Low Score Class: The precision for the 'Low' score class is 0.34, and the recall is 0.56. This is a small improvement in recall compared to the model without SMOTE, but it is not a large one. The precision is the same as the Logistic Regression model with SMOTE. This means the model still struggles to predict low scores accurately, with a high number of false positives.

High Score Class: The precision is 0.81 and the recall is 0.65. The model is still very good at predicting high scores, but the recall is not as high as it was for the model without SMOTE.

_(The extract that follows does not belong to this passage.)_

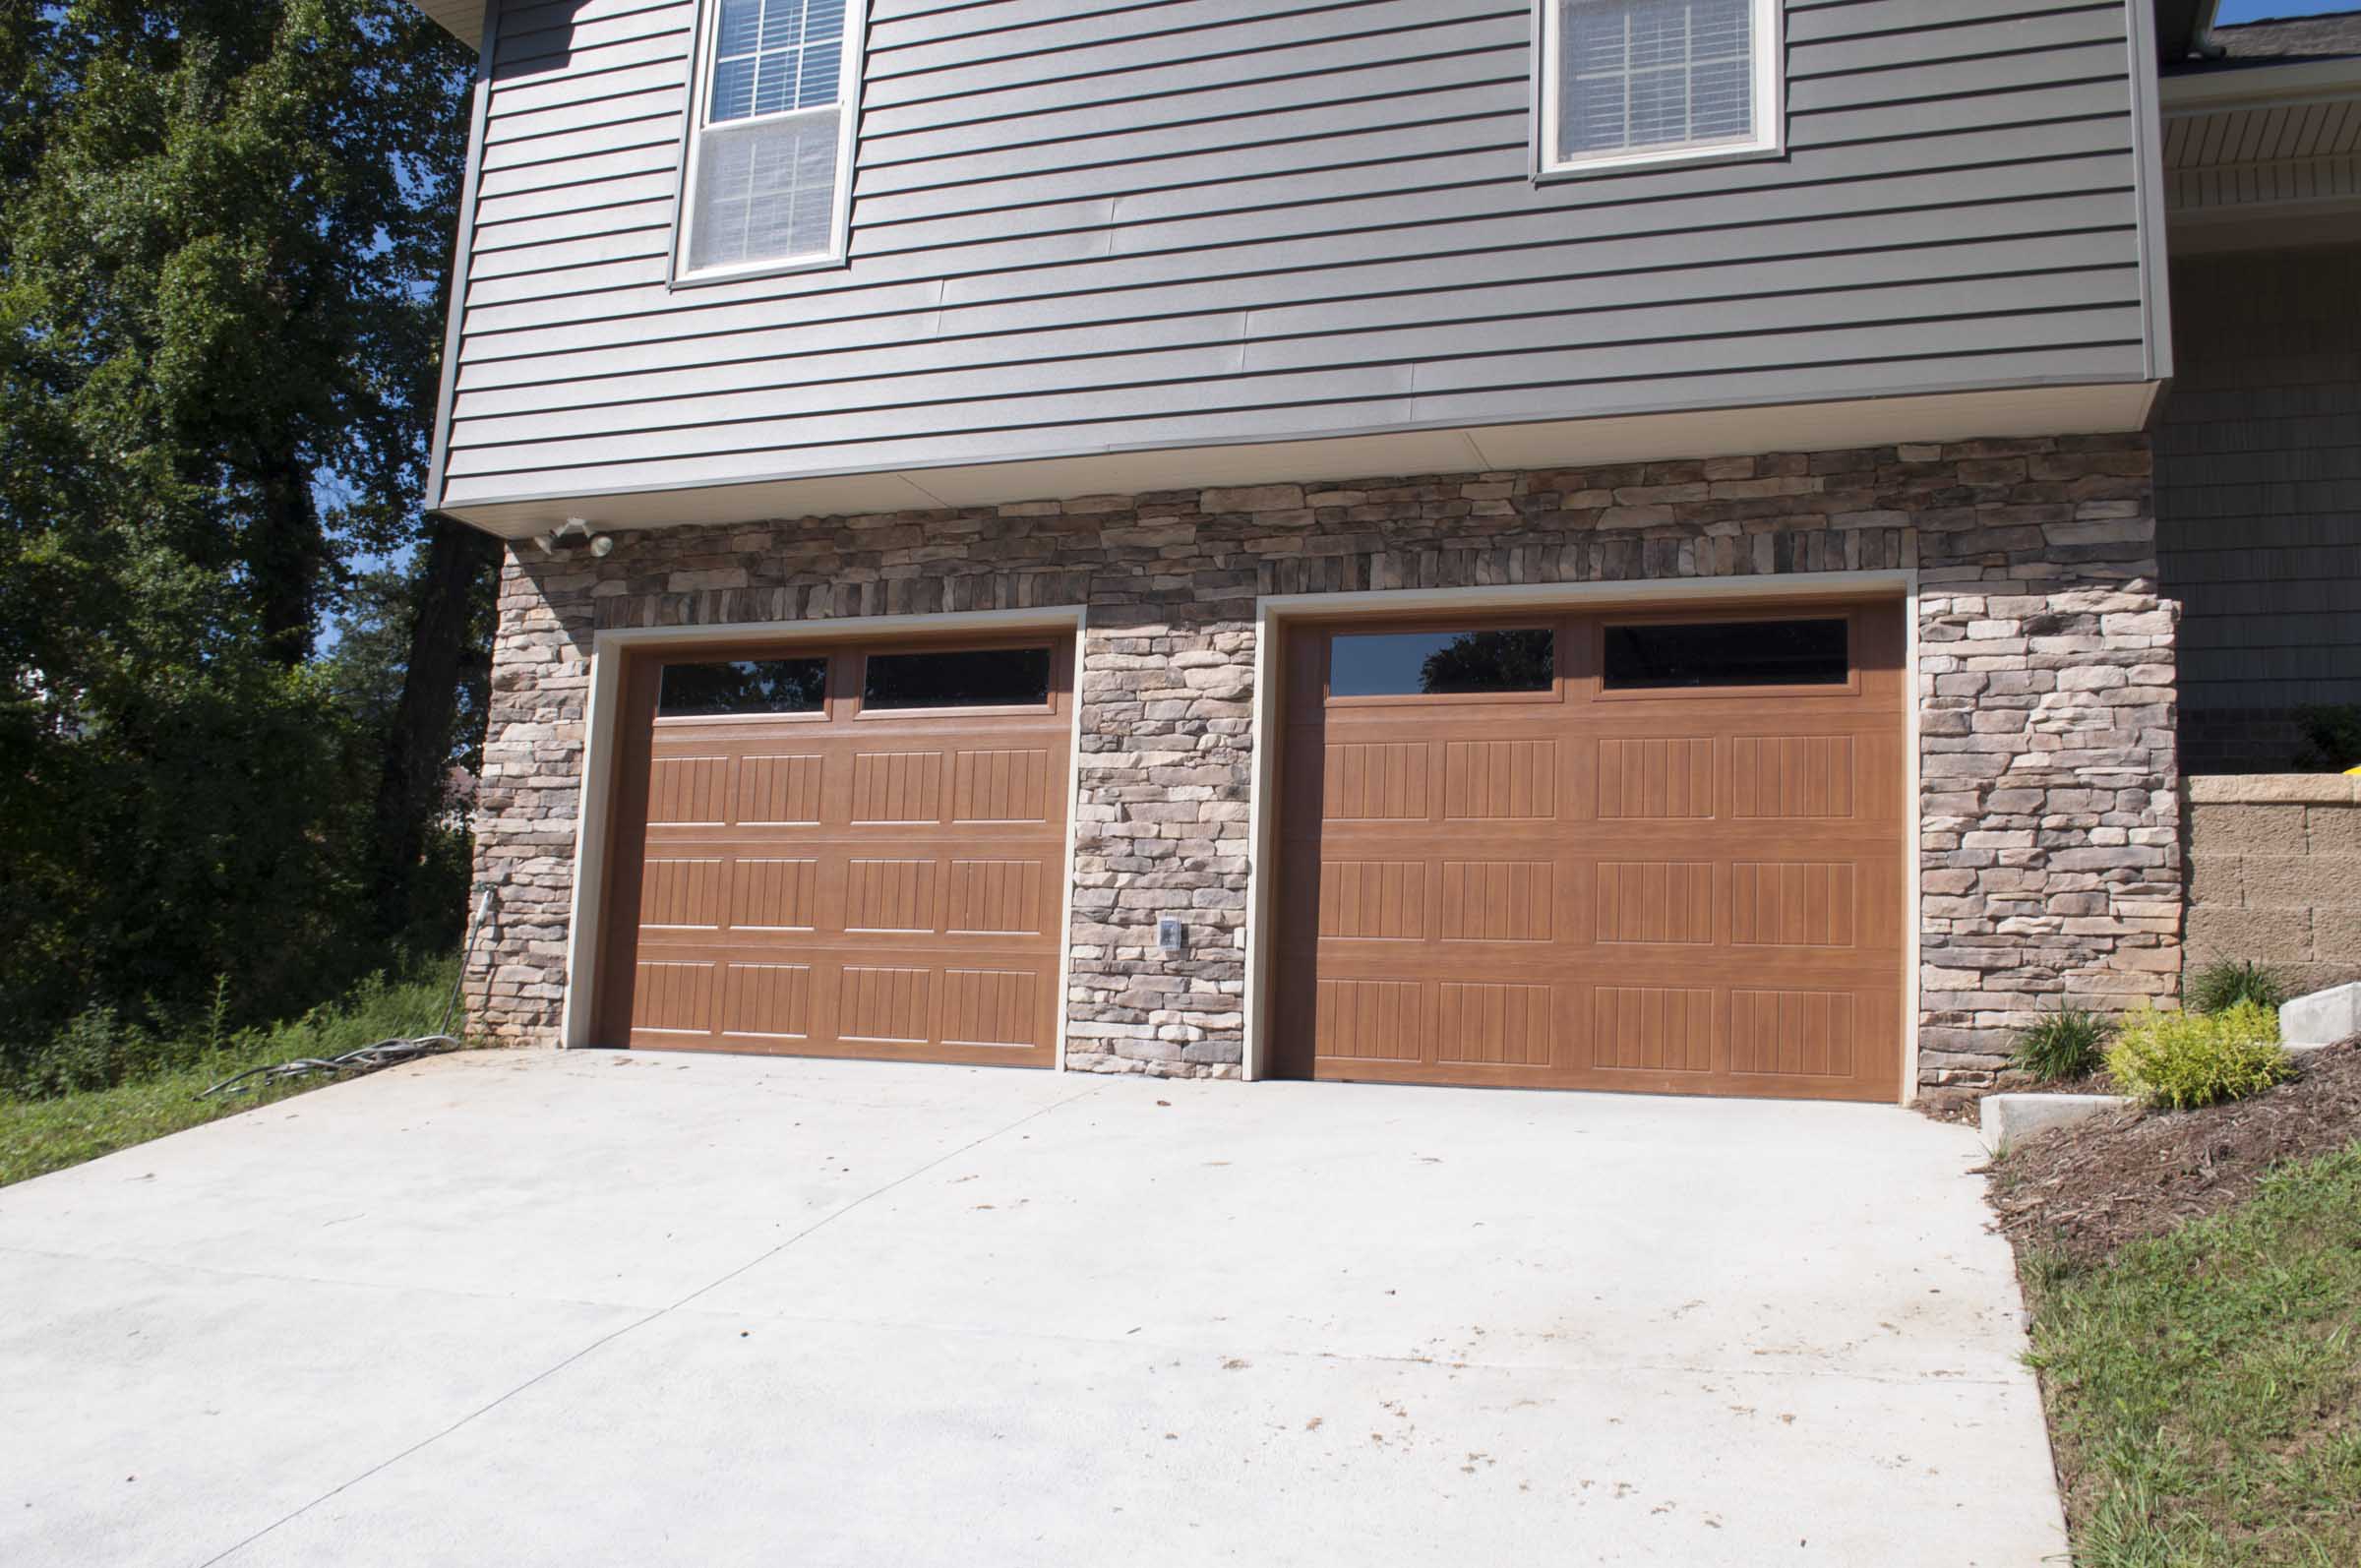 Knoxville Residential Garage Door Projects - Overhead Door Company of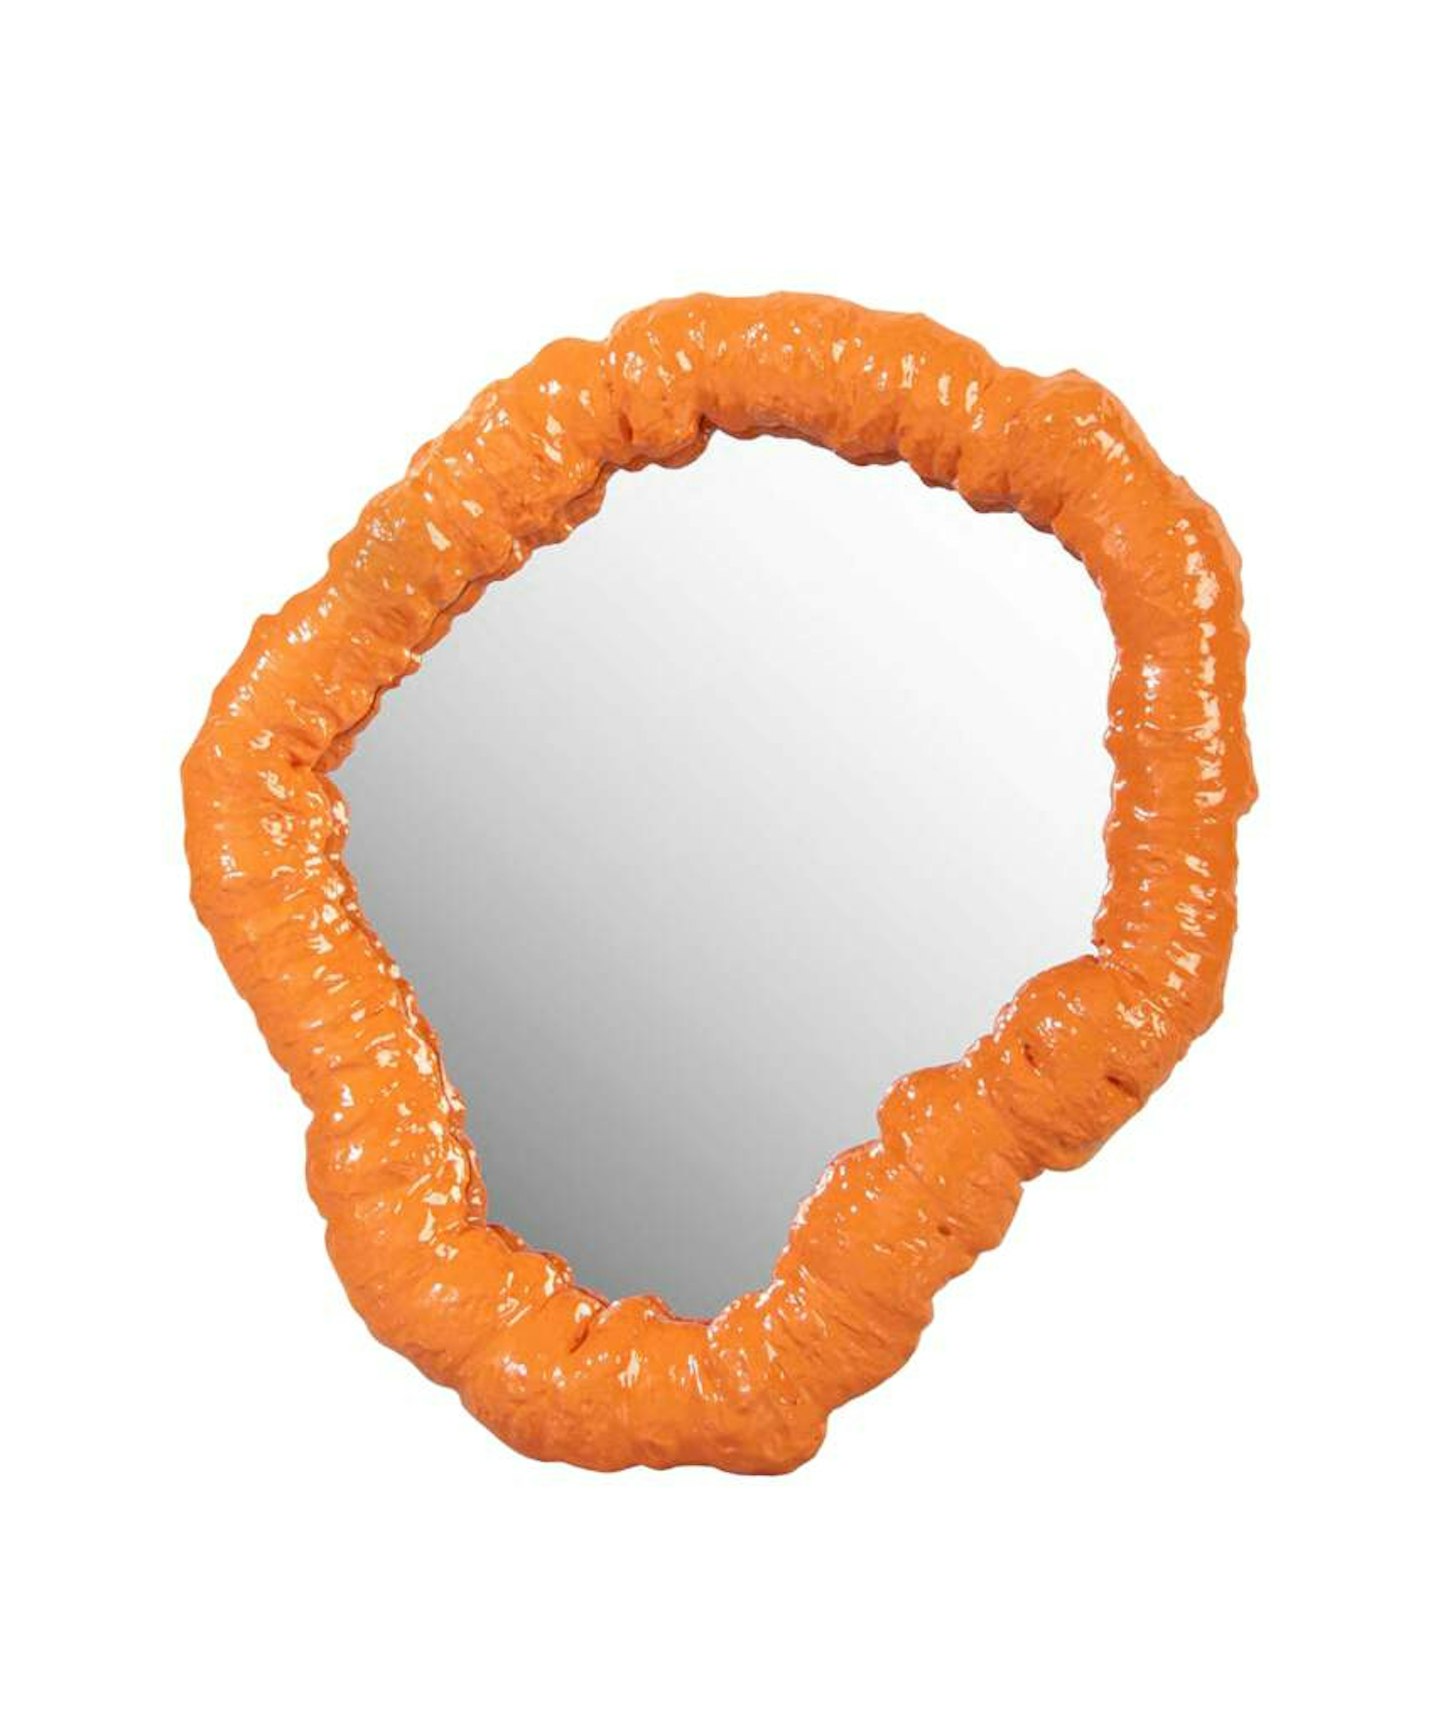 Klevering, Purfect Orange Mirror, £35

The XGBoost model, with the help of SMOTE, is a better classifier than the Logistic Regression model. It correctly identifies more of the at-risk customers (the "Low" class), which is a crucial business objective. While the precision for the "Low" class is still relatively low, the trade-off for a significantly higher recall is often acceptable in a business setting where the cost of a missed low-score customer (a false negative) is higher than the cost of a false positive. You could now use this model to proactively flag orders at a higher risk of a low review. Further fine-tuning of the XGBoost hyperparameters could lead to even better results.